EXERCISE MATERIALS:
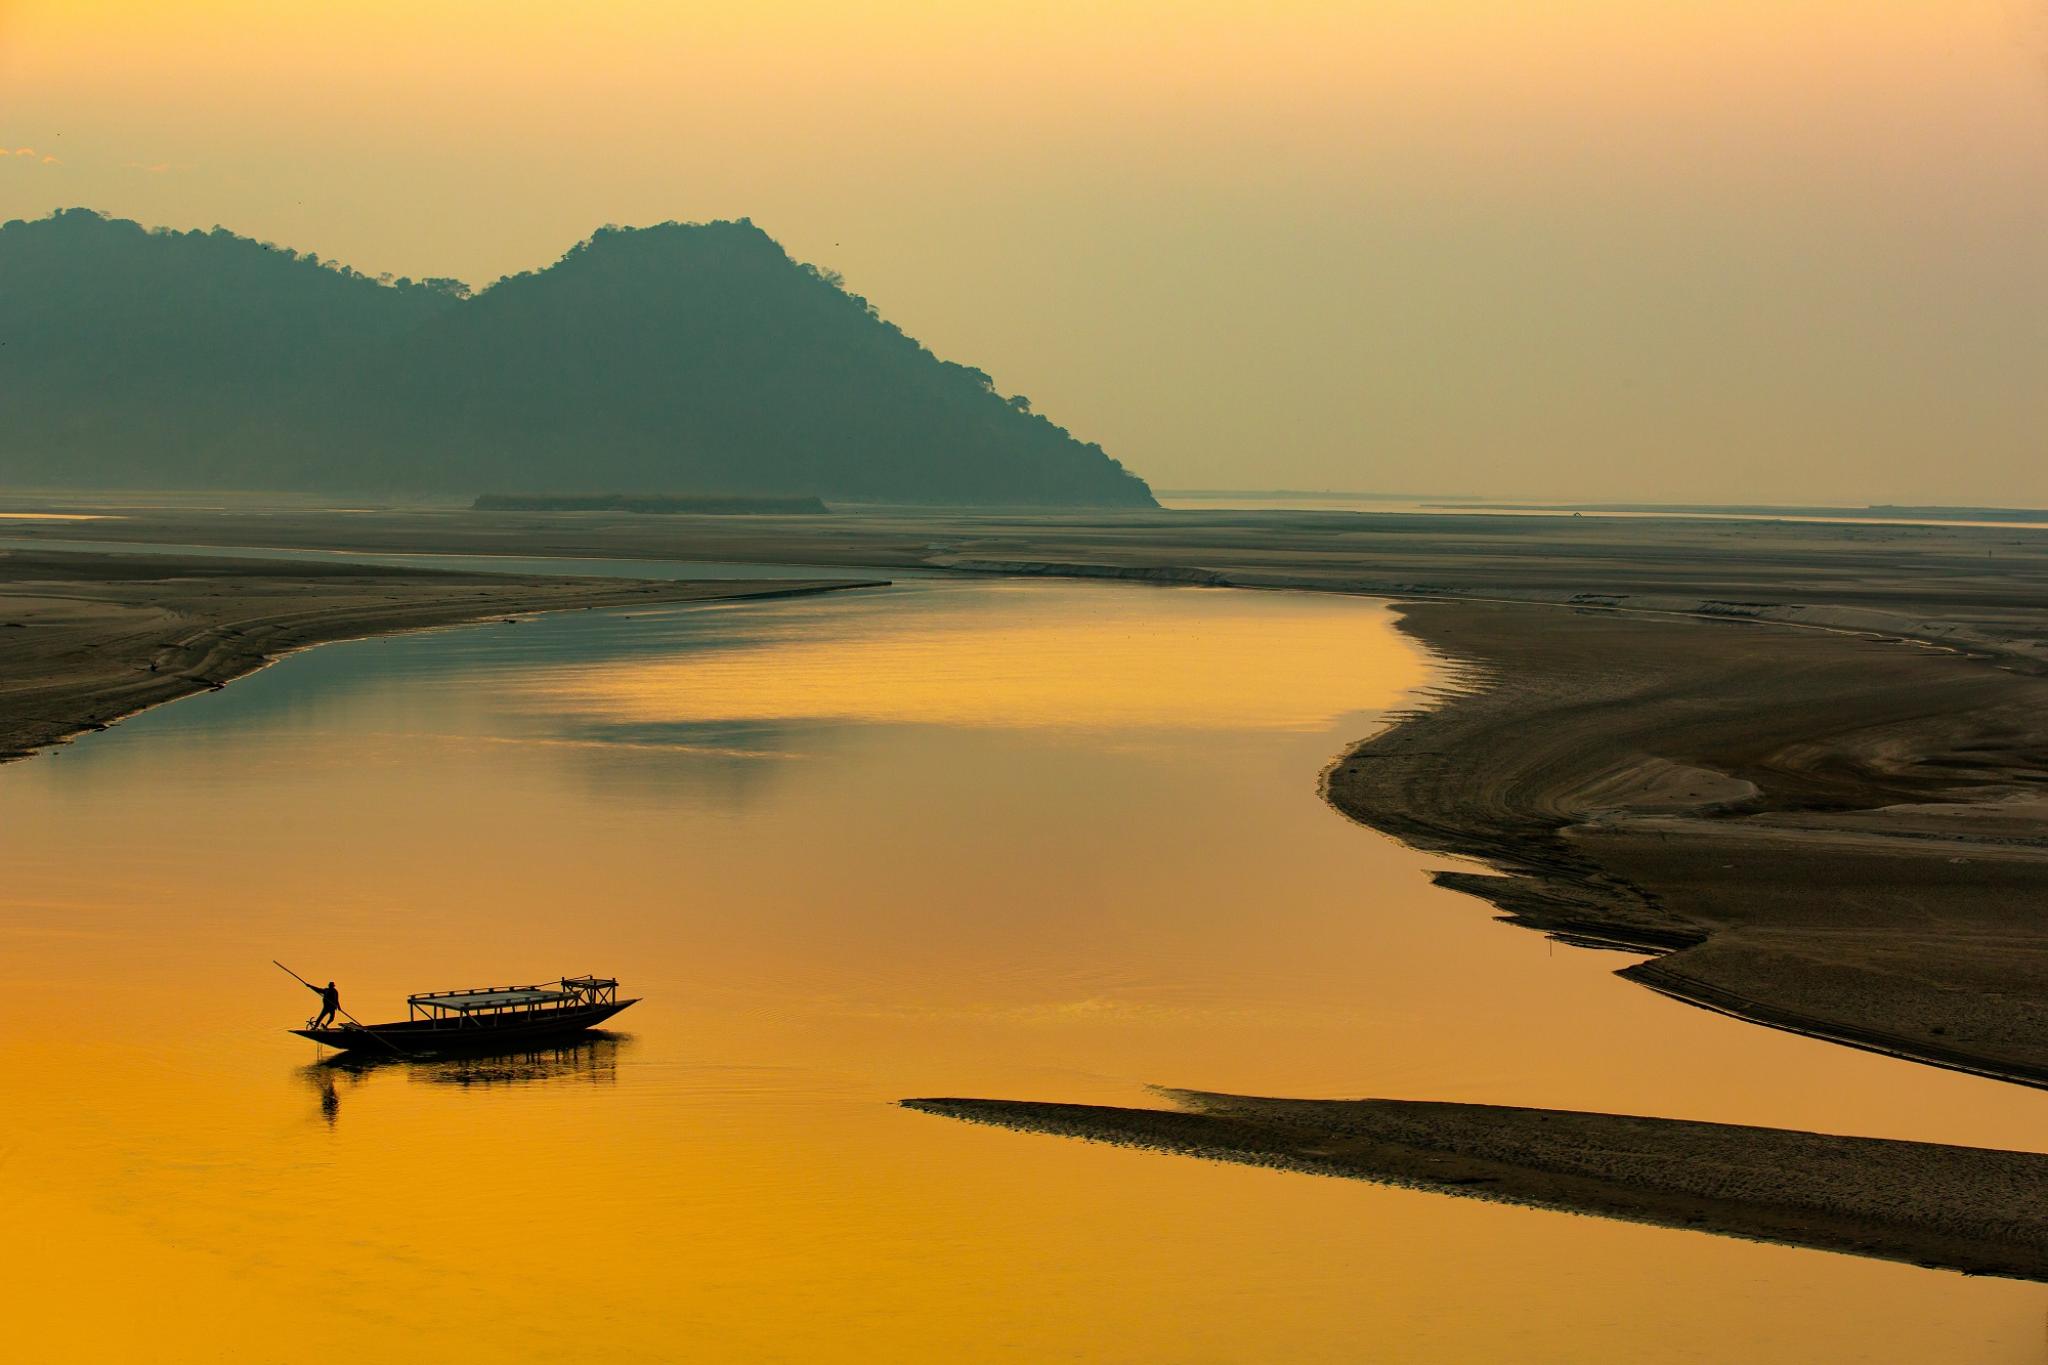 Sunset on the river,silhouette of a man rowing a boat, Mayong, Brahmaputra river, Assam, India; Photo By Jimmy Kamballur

--

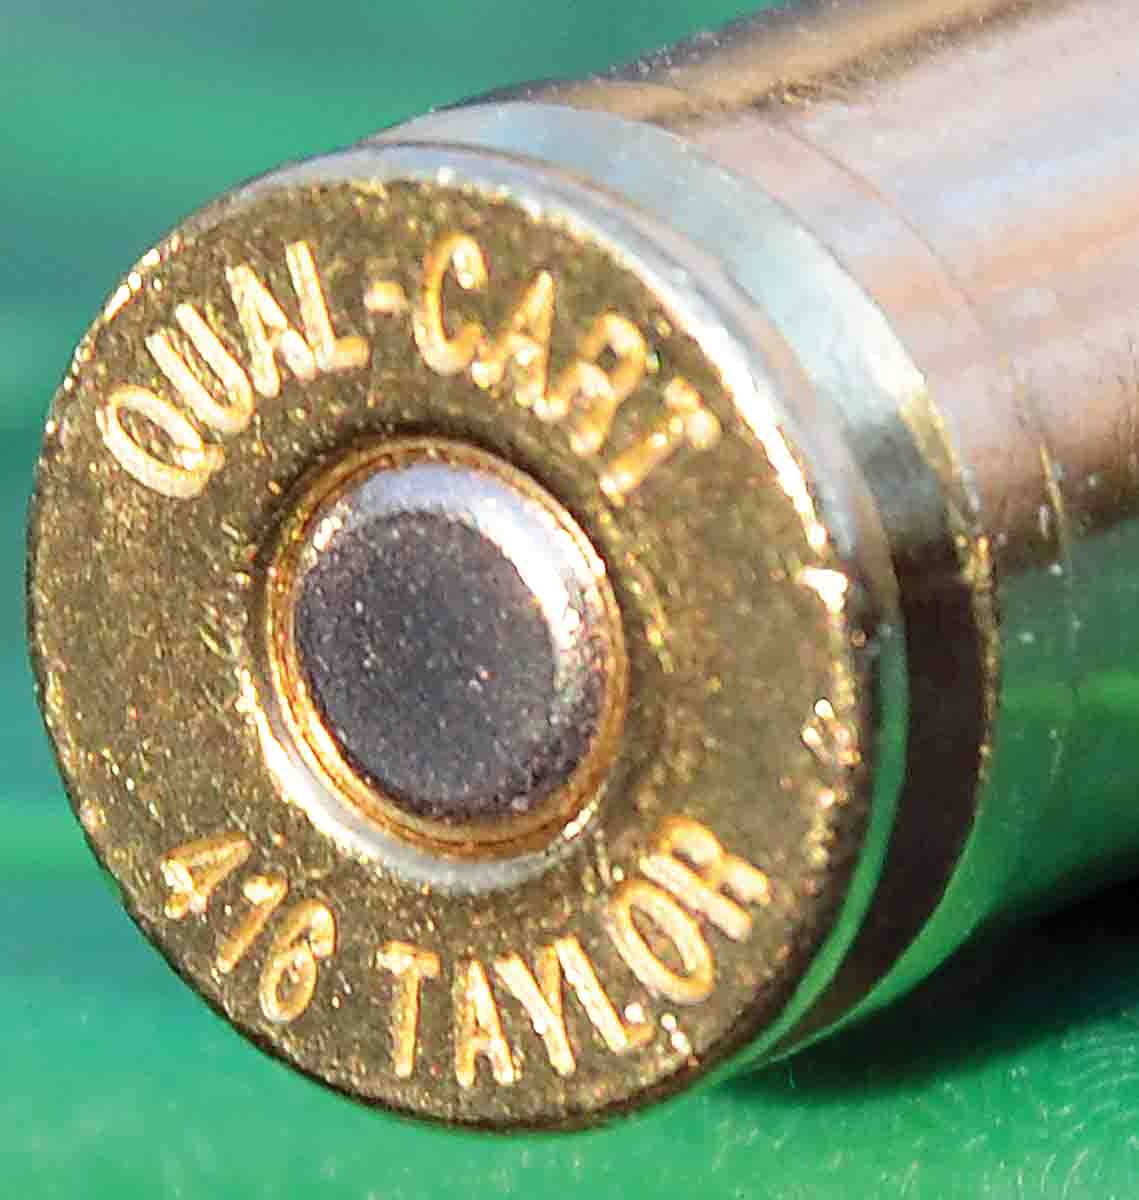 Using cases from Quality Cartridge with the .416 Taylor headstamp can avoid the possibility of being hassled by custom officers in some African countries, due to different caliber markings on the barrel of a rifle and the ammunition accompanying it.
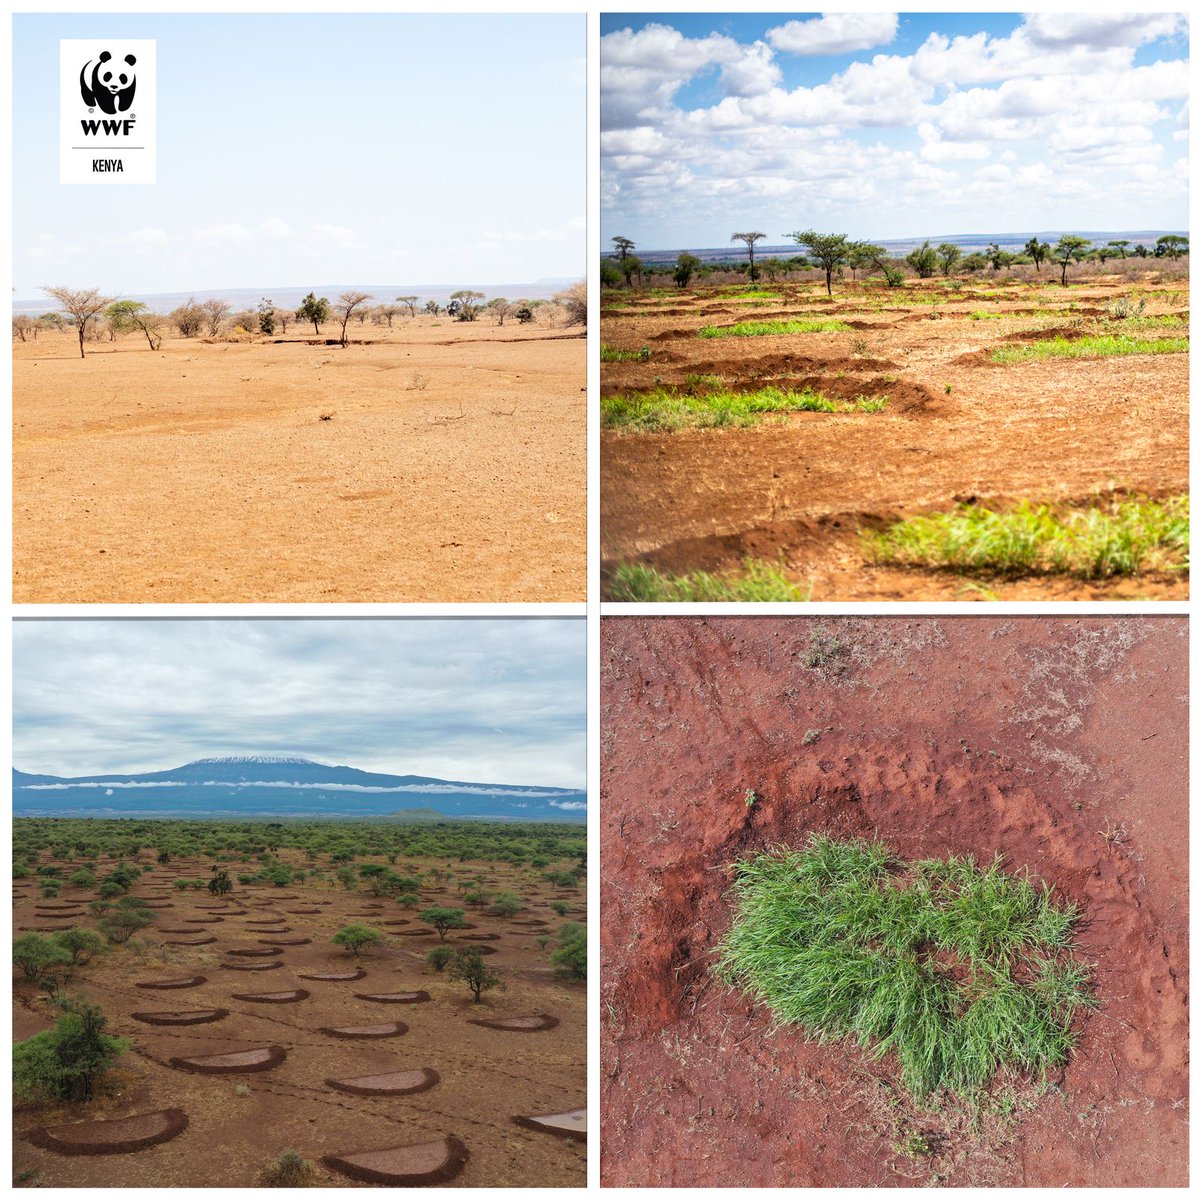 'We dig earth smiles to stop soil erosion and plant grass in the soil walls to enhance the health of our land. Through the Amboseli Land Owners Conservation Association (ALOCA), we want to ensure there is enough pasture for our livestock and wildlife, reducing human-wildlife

WHAT THIS TASK INVOLVES: Write out, word for word, the stretch of entries that begins at the line with "Using cases from" and ends at the line with "wildlife, reducing human-wildlife". Pictures do not belong in it.

ANSWER TO THIS PROBLEM:
 Using cases from Quality Cartridge with the .416 Taylor headstamp can avoid the possibility of being hassled by custom officers in some African countries, due to different caliber markings on the barrel of a rifle and the ammunition accompanying it.
 'We dig earth smiles to stop soil erosion and plant grass in the soil walls to enhance the health of our land. Through the Amboseli Land Owners Conservation Association (ALOCA), we want to ensure there is enough pasture for our livestock and wildlife, reducing human-wildlife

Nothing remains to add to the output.